Accordingly, plaintiff is entitled to summary judgment on the claim that the ALJ's treatment of Dr. Martin's opinion was erroneous.
CONCLUSION
After having found error, “‘[t]he decision whether to remand a case for additional evidence, or simply to award benefits[,] is within the discretion of the court.'” Trevizo, 871 F.3d at 682 (quoting Sprague v. Bowen, 812 F.2d 1226, 1232 (9th Cir. 1987)). A case may be remanded under the “credit-as-true” rule for an award of benefits where:
(1) the record has been fully developed and further administrative proceedings would serve no useful purpose; (2) the ALJ has failed to provide legally sufficient reasons for rejecting evidence, whether claimant testimony or medical opinion; and (3) if the improperly discredited evidence were credited as true, the ALJ would be required to find the claimant disabled on remand.Garrison v. Colvin, 759 F.3d 995, 1020 (9th Cir. 2014).

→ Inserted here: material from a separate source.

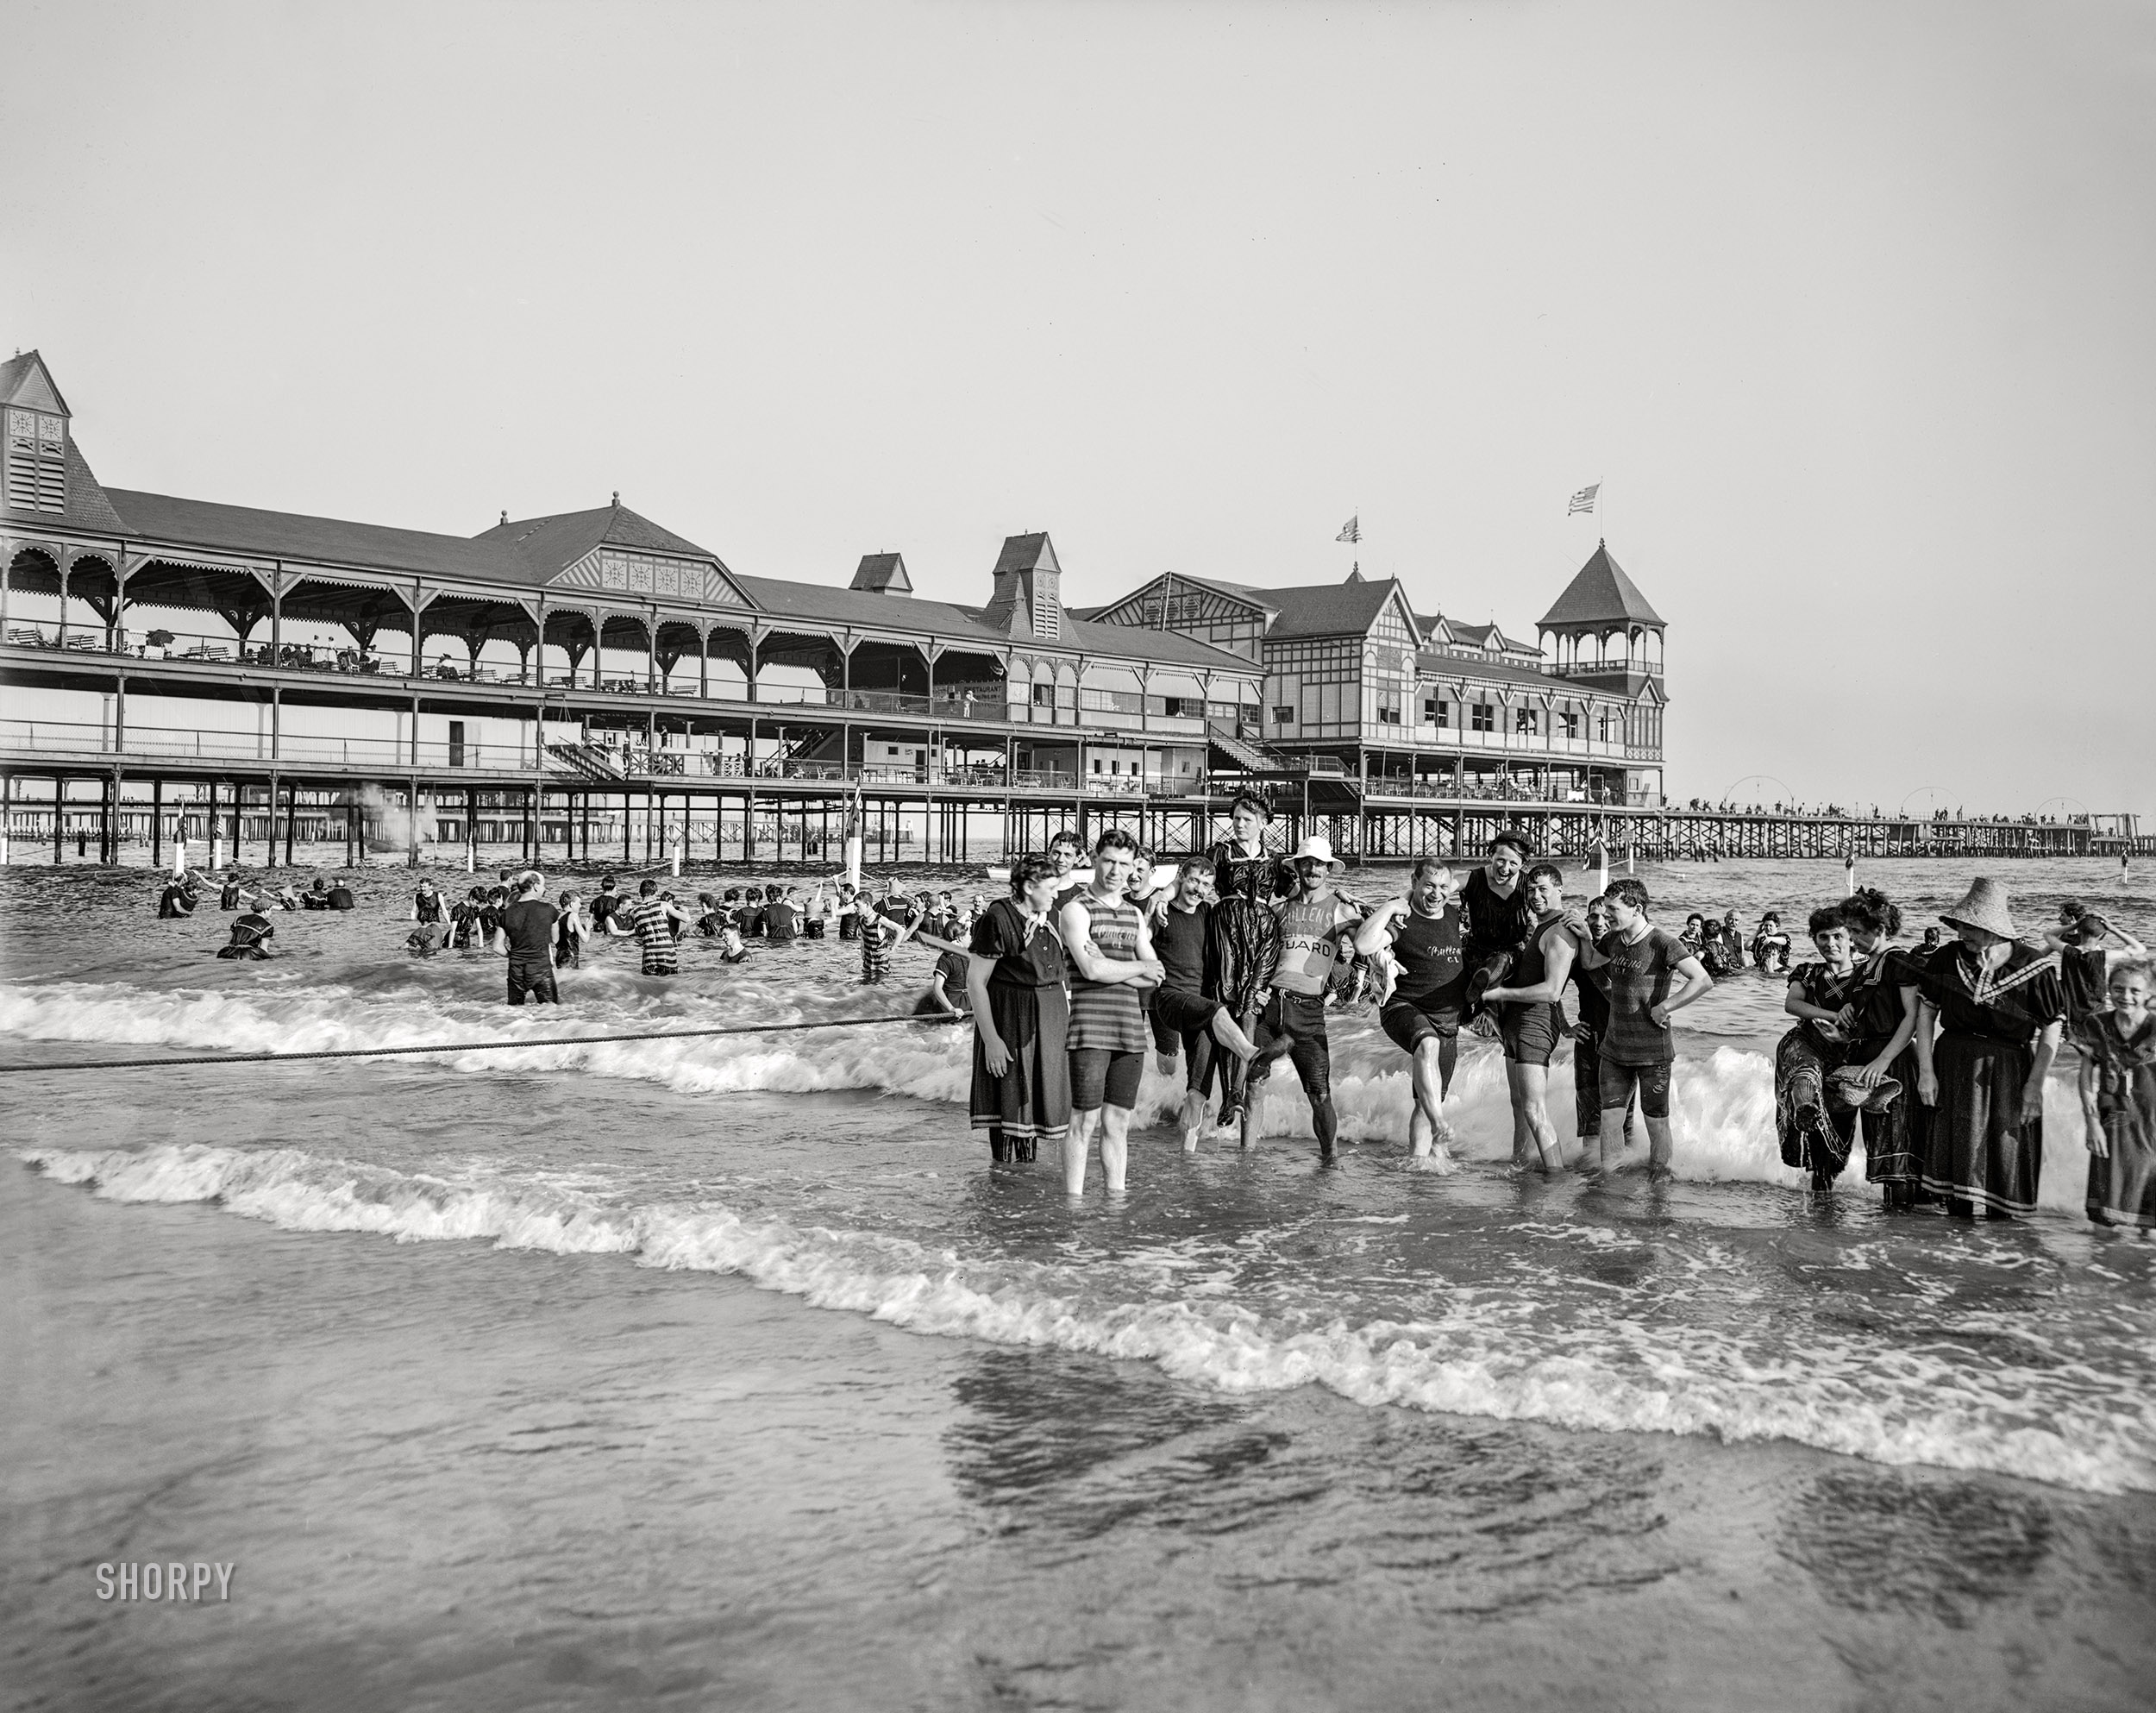 1903. "Bathers and the Iron Pier -- West Brighton Beach, Coney Island, N.Y." 8x10 inch dry plate glass negative, Detroit Photographic Company. View full size.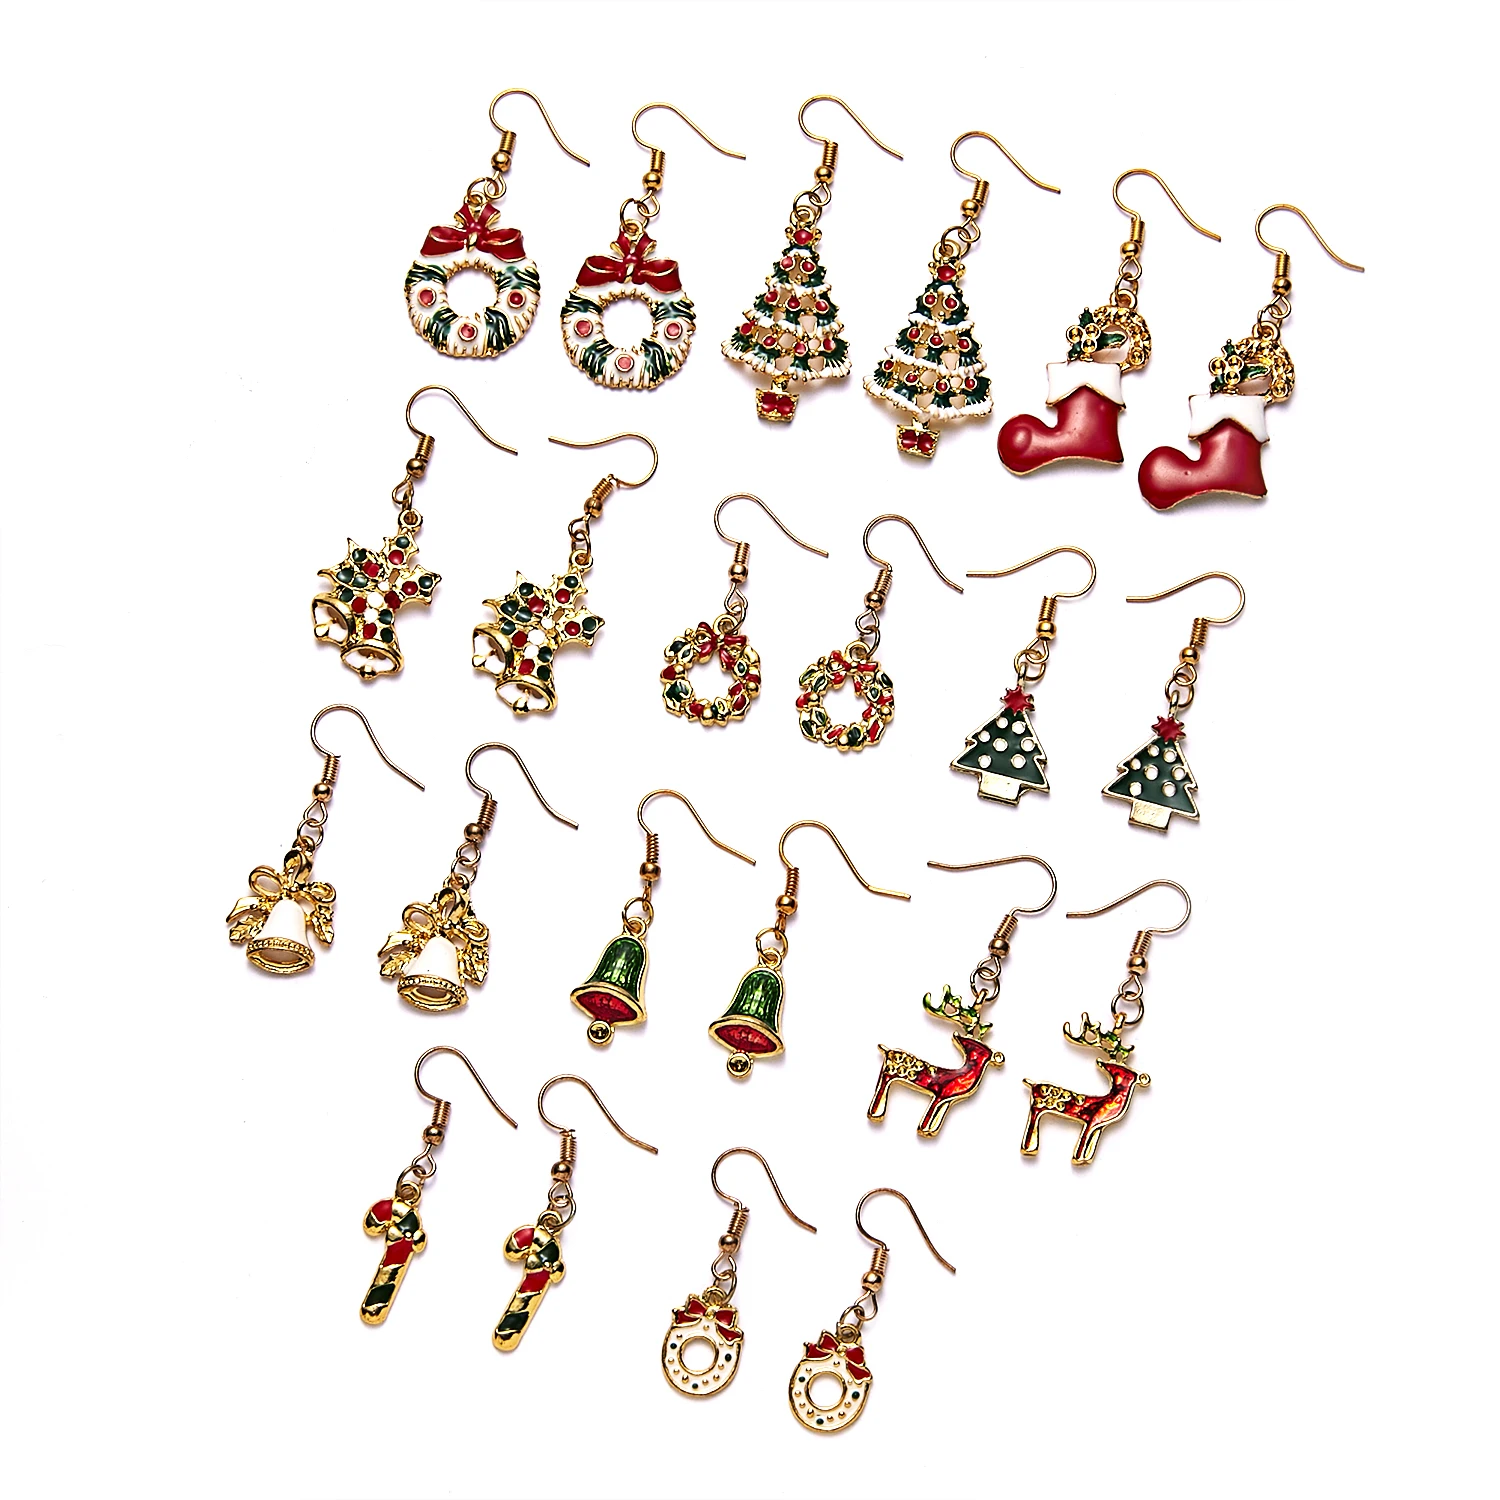 

Alloy Christmas Tree Wreath Socks Printing Pendant Drop Earrings For Women Ear Hook 2021 New Christmas Jewelry Gift, Picture shows

Even where all the conditions for the “credit-as-true” rule are met, the court retains “flexibility to remand for further proceedings when the record as a whole creates serious doubt as to whether the claimant is, in fact, disabled within the meaning of the Social Security Act.” Id. at 1021; see also Dominguez v. Colvin, 808 F.3d 403, 407 (9th Cir. 2015) (“Unless the district court concludes that further administrative proceedings would serve no useful purpose, it may not remand with a direction to provide benefits.”); Treichler v. Commissioner of Social Sec. Admin., 775 F.3d 1090, 1105 (9th Cir. 2014) (“Where . . . an ALJ makes a legal error, but the record is uncertain and ambiguous, the proper approach is to remand the case to the agency.”).
Here, based on the singular error identified by plaintiff, the court cannot say that further administrative proceedings would serve no useful purpose. This case, therefore, will be remanded for further proceedings.
Accordingly, IT IS HEREBY ORDERED that:
1. Plaintiff's motion for summary judgment (ECF No. 13) is granted;
2. Defendant's cross-motion for summary judgment (ECF No. 17) is denied;
3. The Commissioner's decision is reversed;
4. This matter is remanded for further proceedings consistent with the order; and
5. The Clerk of the Court shall enter judgment for plaintiff, and close this case.